As was the case when Trump first pulled the United States out of the accords in 2017, Canadian officials can still look to collaborate with other levels of government, but it’s impossible to frame Trump’s actions as anything other than a setback for international efforts to combat climate change — and another reminder, if one was needed, that the world as it has come to exist is subject, in ways big and small, to the whims of American domestic politics (the initial Canadian impulse to tiptoe around Trump may be fading).
Can Canada keep it together?
Pressure can expose structural weaknesses and Trump’s threats have already exposed at least one vulnerability in Canada — the politics of oil and national unity.
Whatever Alberta Premier Danielle Smith’s protestations that American access to Canadian oil — arguably Canada’s greatest point of potential leverage — should not be part of any response to American aggression against this country, Trudeau maintained on Tuesday that “everything” is on the table. But he promised to make sure no region or industry shouldered an outsized share of the burden. He also said the federal government would try to minimize the hardship for Canadians — holding out the example of the ketchup wars of 2018.
“This is an important and challenging moment for Canada and for Canadians, and we know there will be many such moments through all of it,” Trudeau said. “I want to be clear that we have Canadians’ backs.”
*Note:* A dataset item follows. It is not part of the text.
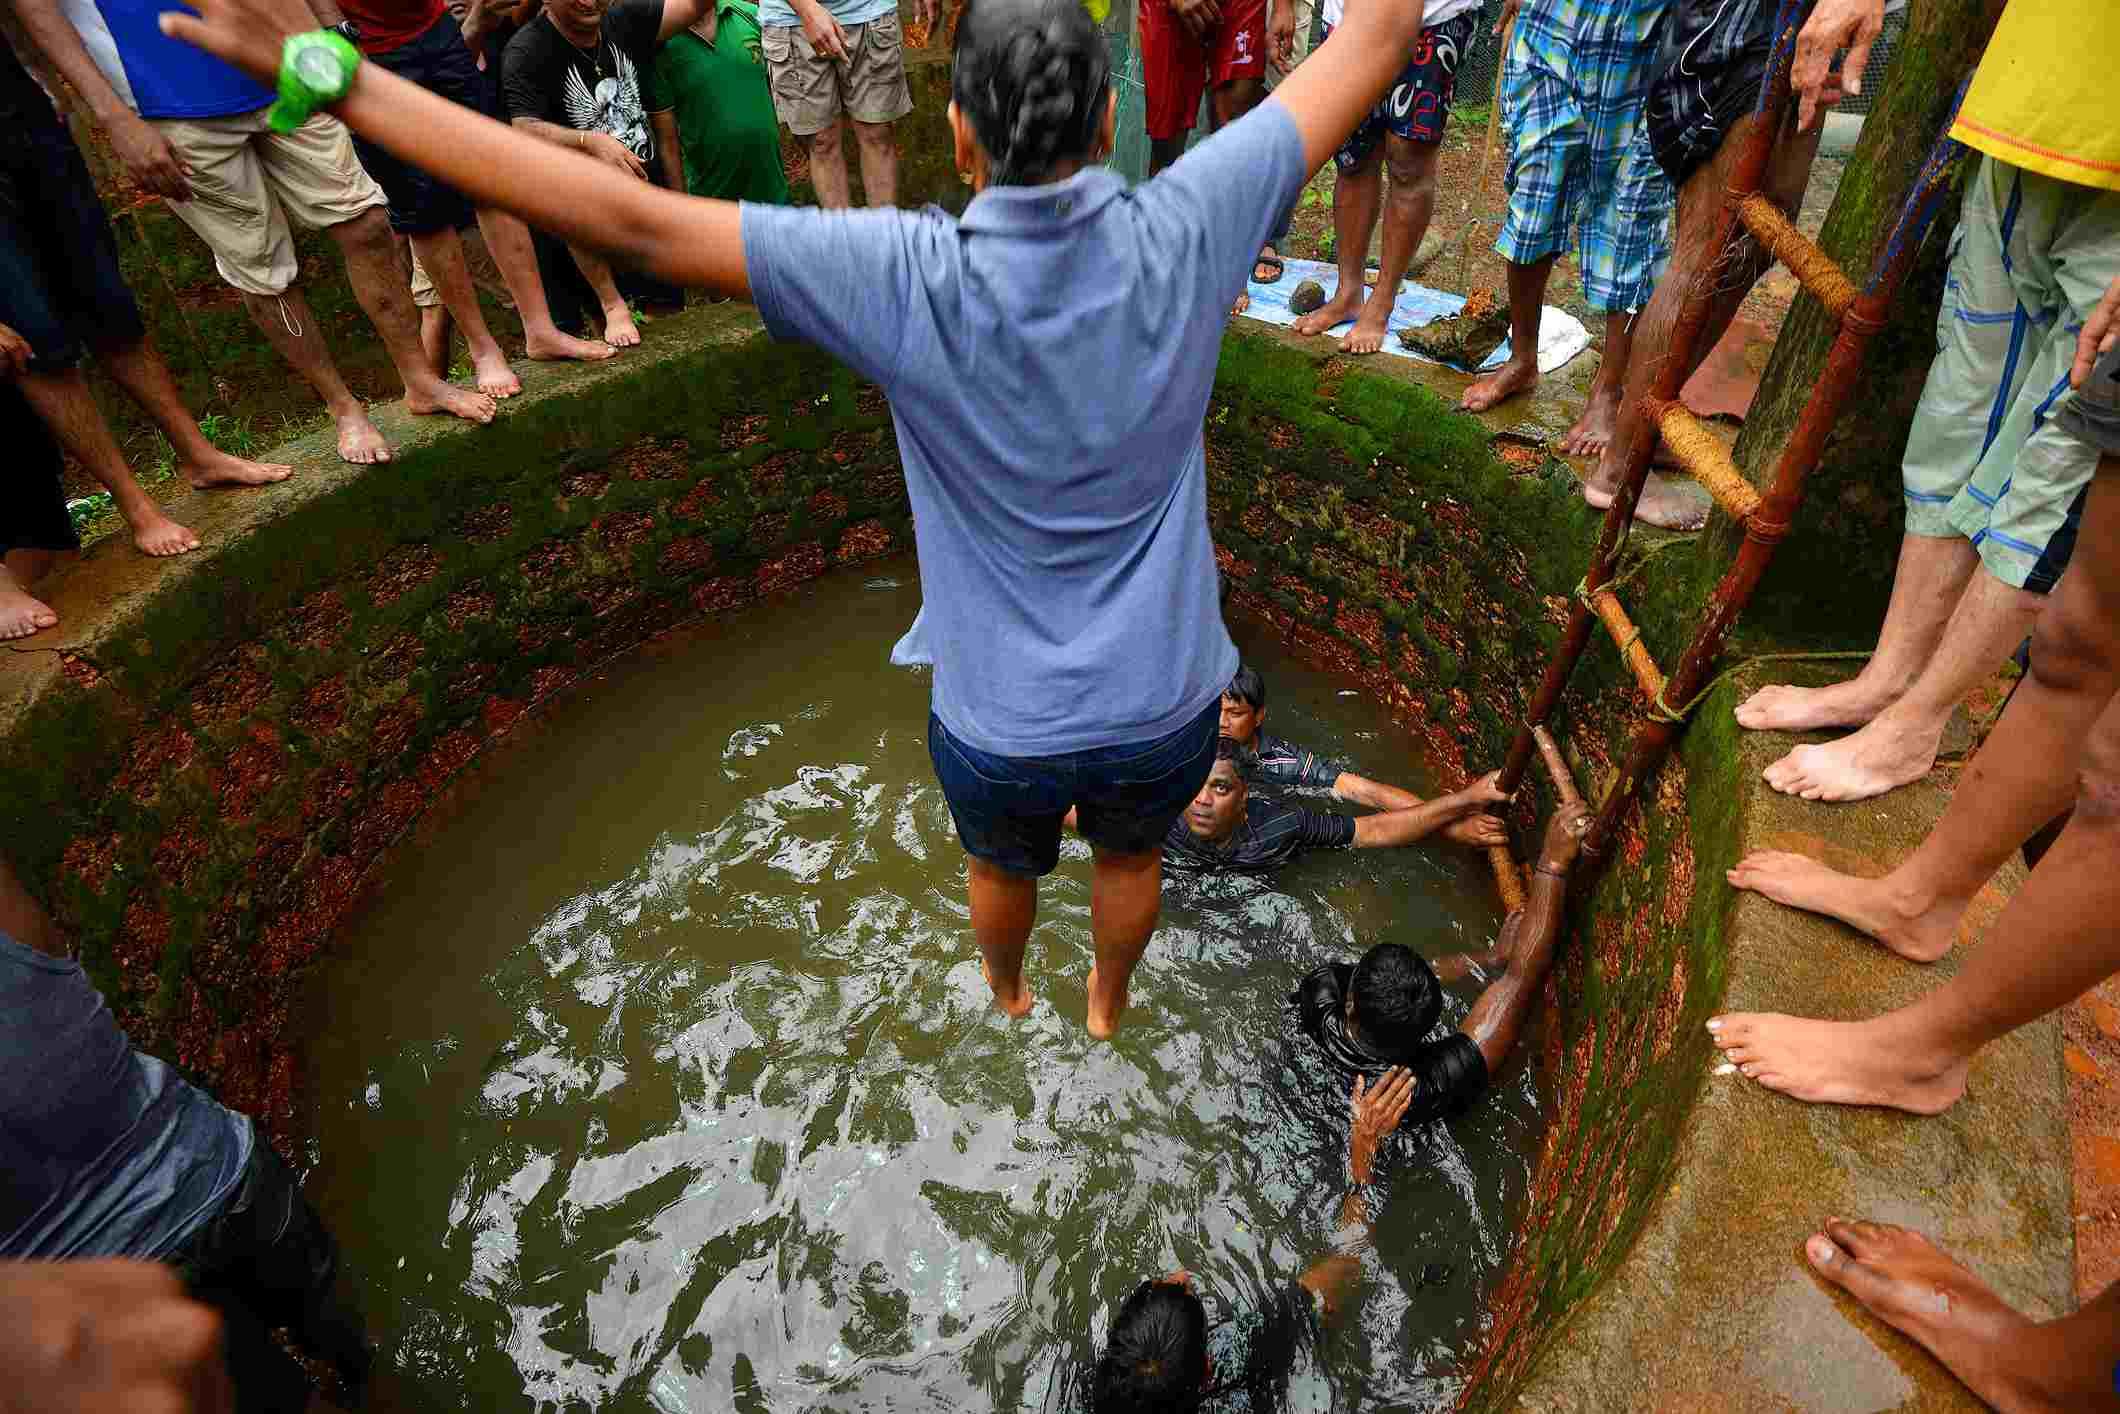 Festival de Sao Jao, Goa

Picking up on Trump’s promise of a new “golden age” for Americans, Trudeau tried to position Canada within that.
“President Trump said that he wants to usher in a golden age for the United States that will require more steel and aluminum, more critical minerals, more reliable and affordable energy, more of everything to run the U.S. economy,” he said. “Canada has all those resources, and we stand at the ready to work with the United States to create a booming and secure North American economy.”
Reasonable minds might debate the exact lustre of the age to which the United States is now headed. But wherever it is going, Canada may be compelled to make the best of it.
By Tuesday at 4 p.m., the official microphone in the lobby had been taken down. But then a new Wall Street Journal story landed — this one claiming that Trump would use the threat of tariffs to persuade Canada and Mexico to reopen the continental free trade deal they signed in 2018.
Cabinet ministers emerging from their last discussion were asked to respond to news they had not yet read.
“We’ll see what the report is, but trust me, we’re always ready — we’re Canadians,” Industry Minister François-Philippe Champagne said with his typically chipper assurance.
Would it be wise to renegotiate right now, a reporter asked. Champagne tried a few different responses.
“Listen, it’s always a good thing to make sure that we’ve — you know, we have to stop being, you know as Canadians — I think we need to be strong, I think we need to be confident, we need to be ambitious. Let’s turn that around. The best defence is the offensive, is to be on the front foot.”
Immigration Minister Marc Miller, stopped by the stairs, offered similar reassurances before landing on something of a new credo for this new era.
“I think we’re ready for any circumstance. That’s been the case since Trump won the election,” said Miller. “So let’s get ready to dig in for four years. And let’s not be surprised by surprises anymore.”